学部・研究科等ごとの目的
研究科は、地方が求める即戦力型人材であるプロジェクト・マネジメントができる研究開発系人材及びソーシャル・アントレプレナー人材の育成に特化した教育・研究を展開することにより,高度な専門知識及び応用能力を持ち,創造性豊かな研究開発活動を進める高度専門職業人及び研究者を養成し,地域社会の将来を担う中核人材を育成するとともに,地方立脚型の企業や自治体等が抱えている課題の克服に必要な学際的研究を実施し,その成果を社会に還元することを目的とする。

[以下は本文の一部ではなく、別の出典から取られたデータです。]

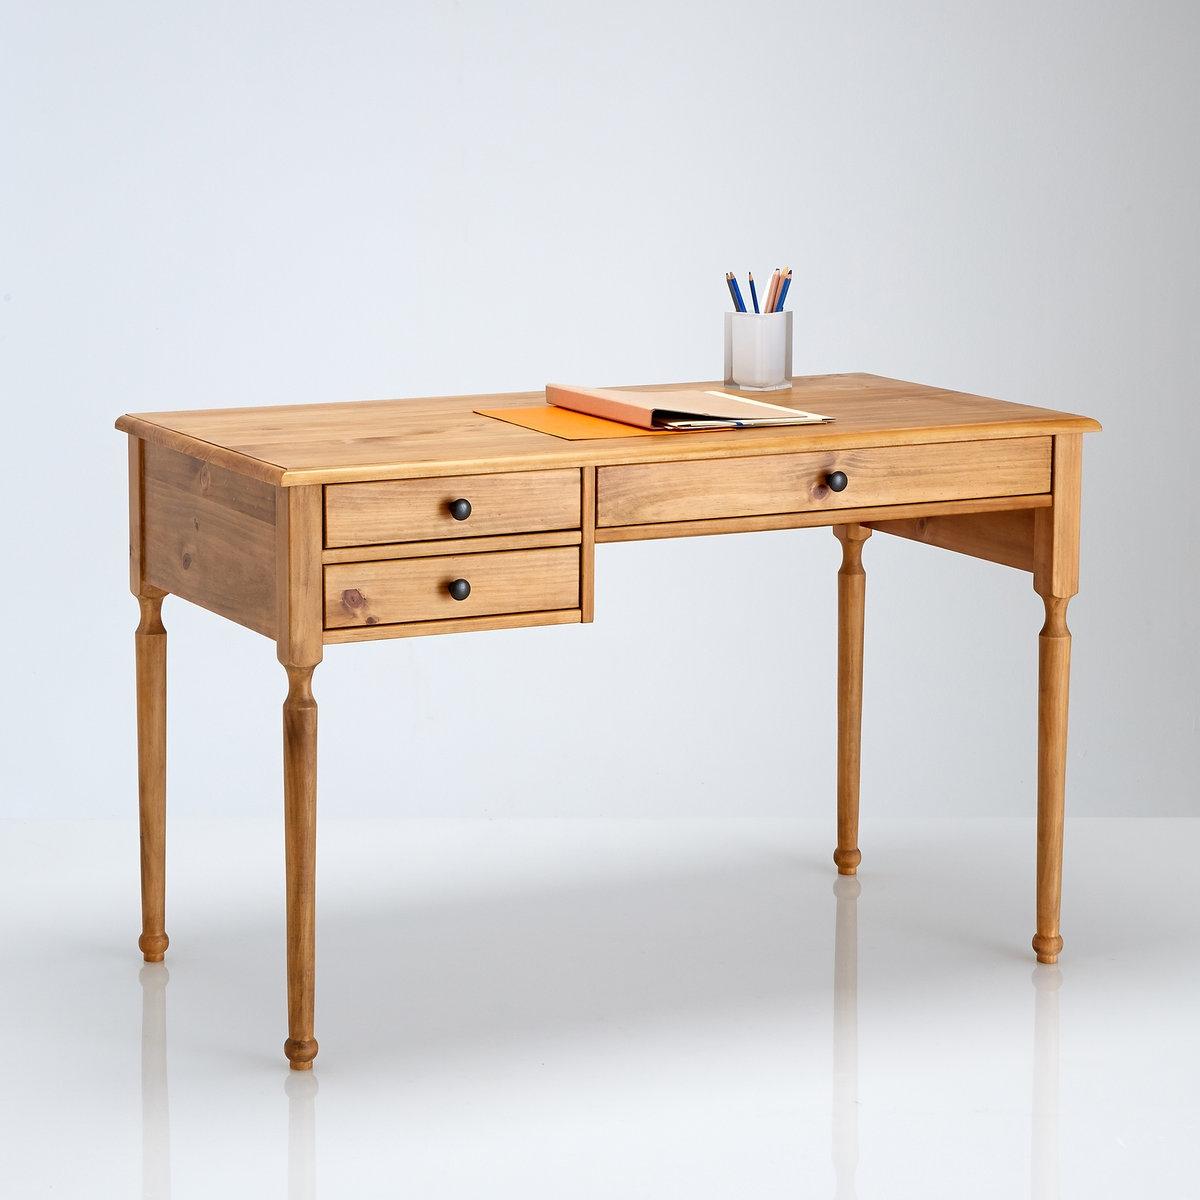 Стол La Redoute Письменный из массива сосны Authentic Style единый размер бежевый

博士後期課程地域イノベーション学専攻は,自立した研究者として研究開発成果を基にした新規事業の立案からその事業化までの企画・執行・調整に関する総合的なマネジメントを行う事業化プロジェクトのマネジメントができる研究開発系人材及び地域の企業や行政において新しい価値を創り出すソーシャル・アントレプレナー人材を養成することを目的とする。
入学者受入方針(アドミッション・ポリシー)
地域イノベーション学研究科は、地域のニーズを発見し、問題を解決するための新しい概念と方法を創造し、それらを国内のみならず海外にも展開できる地域イノベーション学に関わる高度な思考方法と実現方法を教育します。そして、「多面的な視野で研究・開発が推進できる能力とプロジェクト・マネジメントが実践できる高度な能力を兼ね備えた人材」および「地域にゼロから1を創造できる社会起業家(ソーシャル・アントレプレナー)人材」を養成します。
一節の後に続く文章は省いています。